Magma contains a small amount of water by volume, its true. However, if the water covered Everest by 20 feet it had to be in excess of 6 miles in depth. Everest, along with the rest of the Himalayas was formed by the Indian sub-continent colliding with southern Asia. Continental movements are MEASURED to be between 1-10 cm/ year. There is no evidence that they ever moved significantly faster. (Australia is fastest, 7 cm/year. In 4000 years it would have moved 280m.) Even 280 m horizontal movement in the flood scenarios timeline does not allow everest to be much lower 4,000 years ago.
The most pronounced conclusion that can be drawn from the analysis of laser measurements taken on LAGEOS FROM 1979 TO 1982 is that movement between the plates was measured & therefore confirmed. The motions we are measuring, albeit preliminary, agree overall in magnitude & direction with those found in the geological record.which reflect plate movements over millions of years. (Christodoulidis et al., 1985, p9261)
Also, magnetic anomalies, translated into a symmetrical, mirror image set of stripes of alternating magnetic polarity either side of the mid ocean ridges show a general cyclical reversal of polarities. The basalt, as it solidified, aligned itself in accordance with field strength & polarity as existed at the time of solidification. As polarity changed, newly formed basalt (pushing the older rock outward, away from the ridge) was aligned magnetically opposite to the previous band. As time goes by & more & more basalt is deposited, polarity bands emerge. The width of the bands are indicative of the speed of continental drift as intervals between magnetic polarity reversals are corroborated. There IS small variation, but nothing that would send India hurtling into the Asian mainland, that would cause the uplift of the Himalayas inside 4,000 years.
Staying on magnetism. The horizontal sedimentation on the seabed corroborates the ages of the basalt anomalies, as different sedimentary ages (layer upon layer) are also aligned by magnetic polarity, providing evidence that sedimentation was laid down slowly over millions of years, & not in a single year. If the one year flood were true, no magnetic anomalies would appear in the deposits.
Corroborative evidences are;
1/Radiometric ages of basalts at the ridge, & expected increased ages the further basalts are from those ridges. There is no sudden increase in basalts of 4,000 years age at the ridge that would indicate increased continental drift, or catacysm for that matter, at the alleged time of the flood.
2/ Radiometric ages of sediments, younger upon older. As expected, greater depth of sediment, & greater age of base sediment the further samples are taken from the ridge. That is to say, base sediments, sitting upon basalt of similar to younger age. This is true of any part of the ridge system.
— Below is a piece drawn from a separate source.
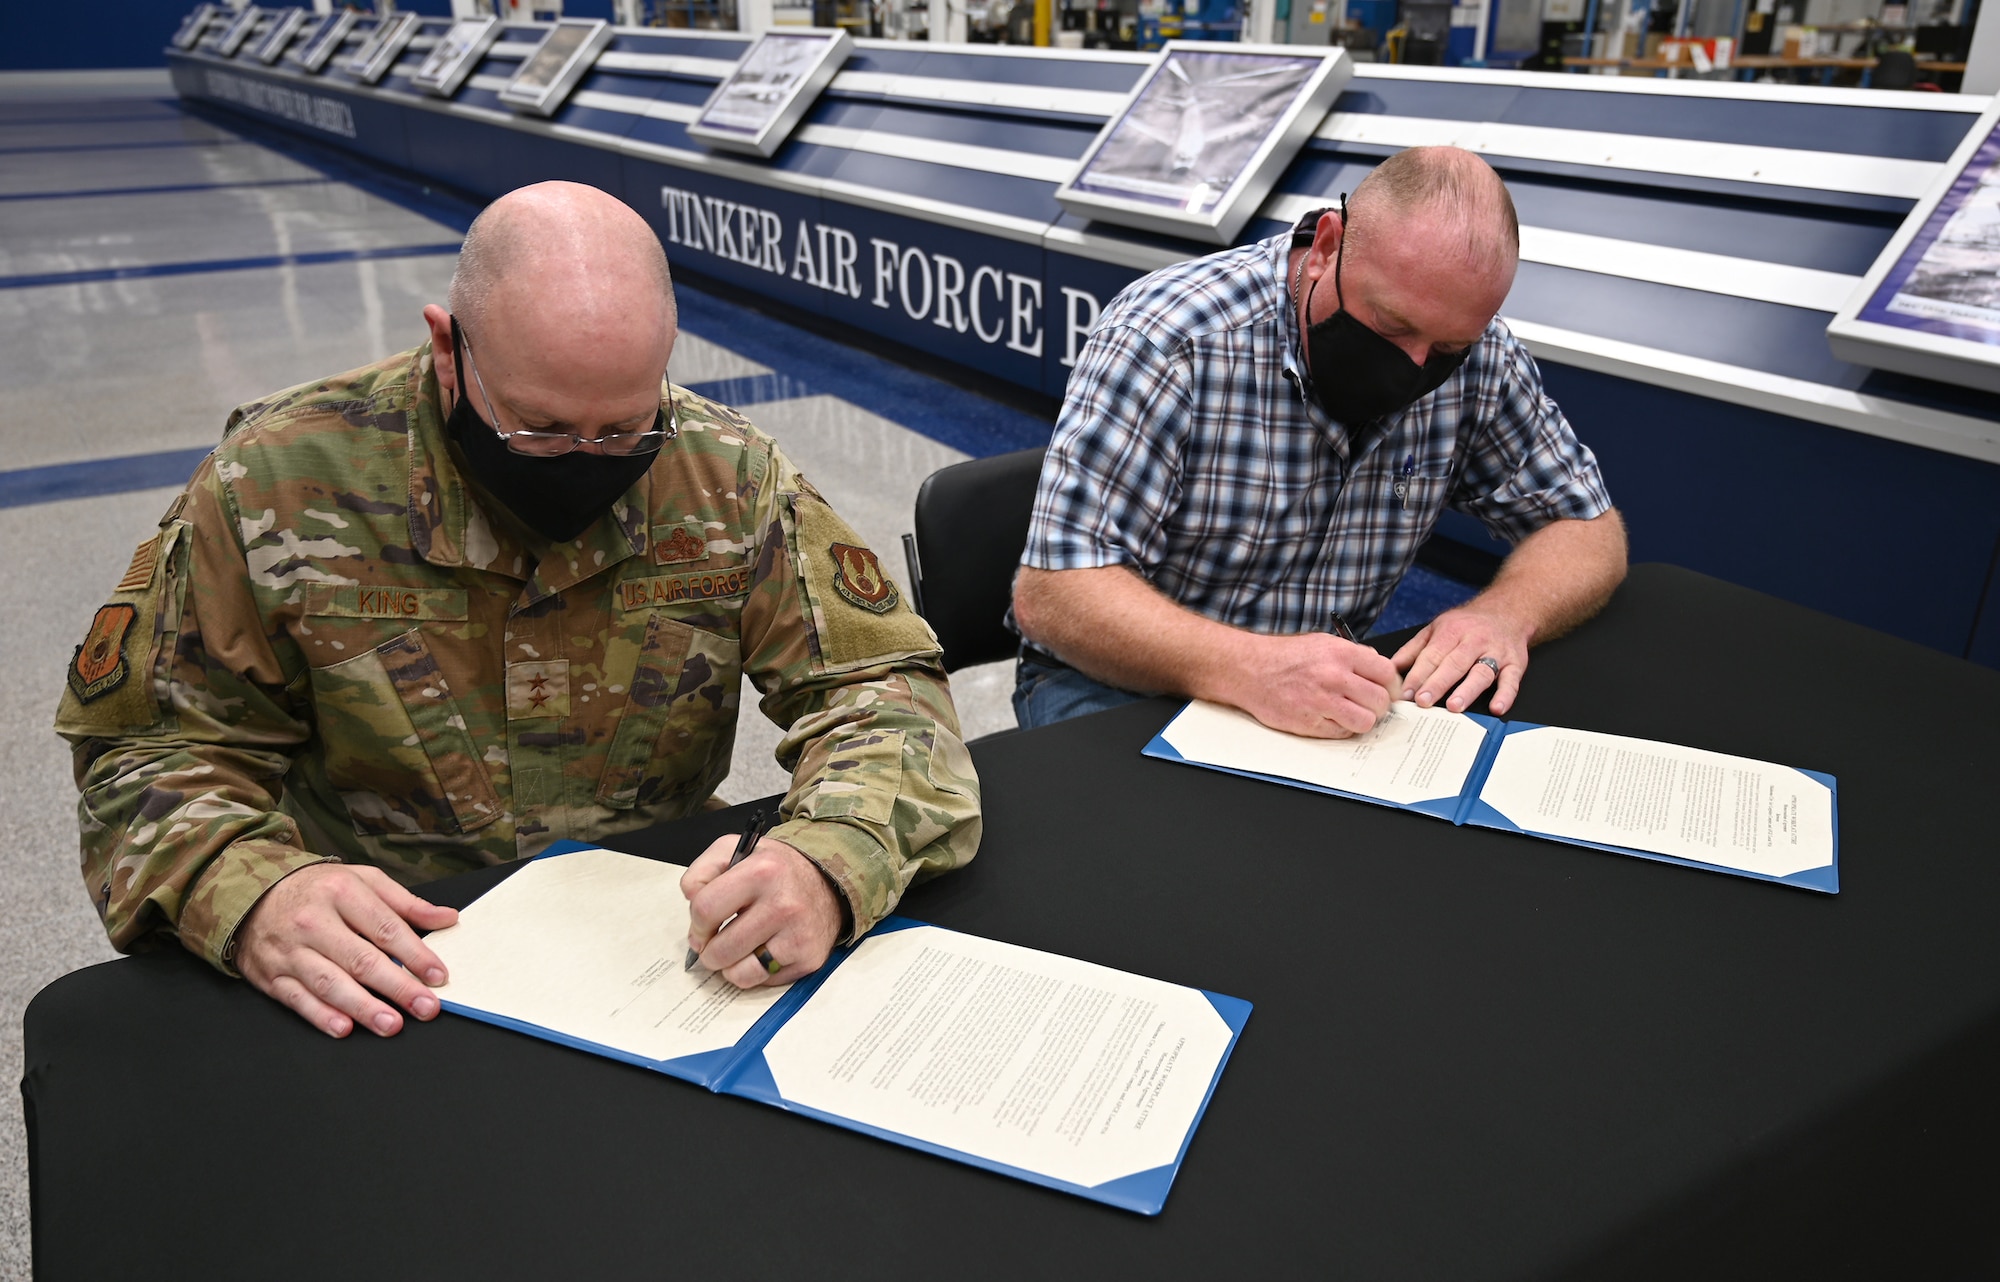 Two men at a table signing documents

A flood scenario would have no age differentiation in sediments.
3/ Basalts & sediments magnetic orientations match, given their ages.
4/ Sea bed sediments elsewhere corroborate magnetic polarity timeline.
Everest is in excess of 6 miles above sea level now, & there is no evidence to suggest there was significant difference 4,000 years ago, quite the opposite. The biblical flood scenario will have to account for extra water to that depth.
Now, the water.
To raise the water level to Mt. Everests height requires 4.4 bn. cubic kilometres of the wet stuff. For this to exist as gas would require the atmosphere to have a pressure 840 times higher than today, & it would be 99.9% water. Unbreathable. Even adding the water in 40, single increments results in an oxygen content dropping from 20.95% to under 1%. Unbreathable.
Latent heat of vaporisation during a 40 day period would raise the atmospheric temperature of the entire earth to over 3,500 deg C. (6,400 F) (Heat cannot be dissipated into space as fast as it is being created on a daily basis). This would boil the oceans & cremate the Ark & everyone/thing on it. For comparison the surface of the sun is 6,000 C.
For such a volume to move through the crust in 40 days, porosity must be 50% (the crust would be half open spaces). (Soroka & Nelson 1983 p.136).
There is no mechanism or evidence for these purported occurrences. Even if there were, no organism could survive it, whether they breath through their nostrils or not.
Even if some water existed (ICR says 12m) in the atmosphere to account for the "deluge", the rest (still 6 miles) would still have to be made up by subterranean sources.
Incidentally 12m of liquid water alone translates to 40% increase in atmospheric pressure, also a corresponding drop in oxygen globally, if the 12m of water existed as a gas. & the latent heat of the 12m of water, representing 40% of atmospheric mass, would still need to be added.
Given temperatures that lie beneath the crust (1,200 C is hottest recorded magma), & if vast reservoirs of water did exist, & spurt out of the springs of the great deep the temperature of the water, & heating of the atmosphere as a result would still cook the Ark.
Now, the flood scenario has taken a 4.4 bn. cubic kilometre volume of water (not to mention magma), equating to a depth 6 miles from beneath the crust. That’s all the crust, all around the world. This would result in a vacuum of 4.4 bn. cubic kilometres under the the crust. This would result in a marble (core/remaining mantle) rattling around a ping pong ball (crust). The crust would collapse to a depth of said 6 miles. There is no evidence of this collapse.
Given the crustal collapse, there's nowhere for the water to recede to, so where did it go?
What mechanism caused it to spurt forth for forty days & stop? Globally, every where at once?
------------------
Occam's razor is not for shaving with.
[This message has been edited by mark24, 12-20-2001]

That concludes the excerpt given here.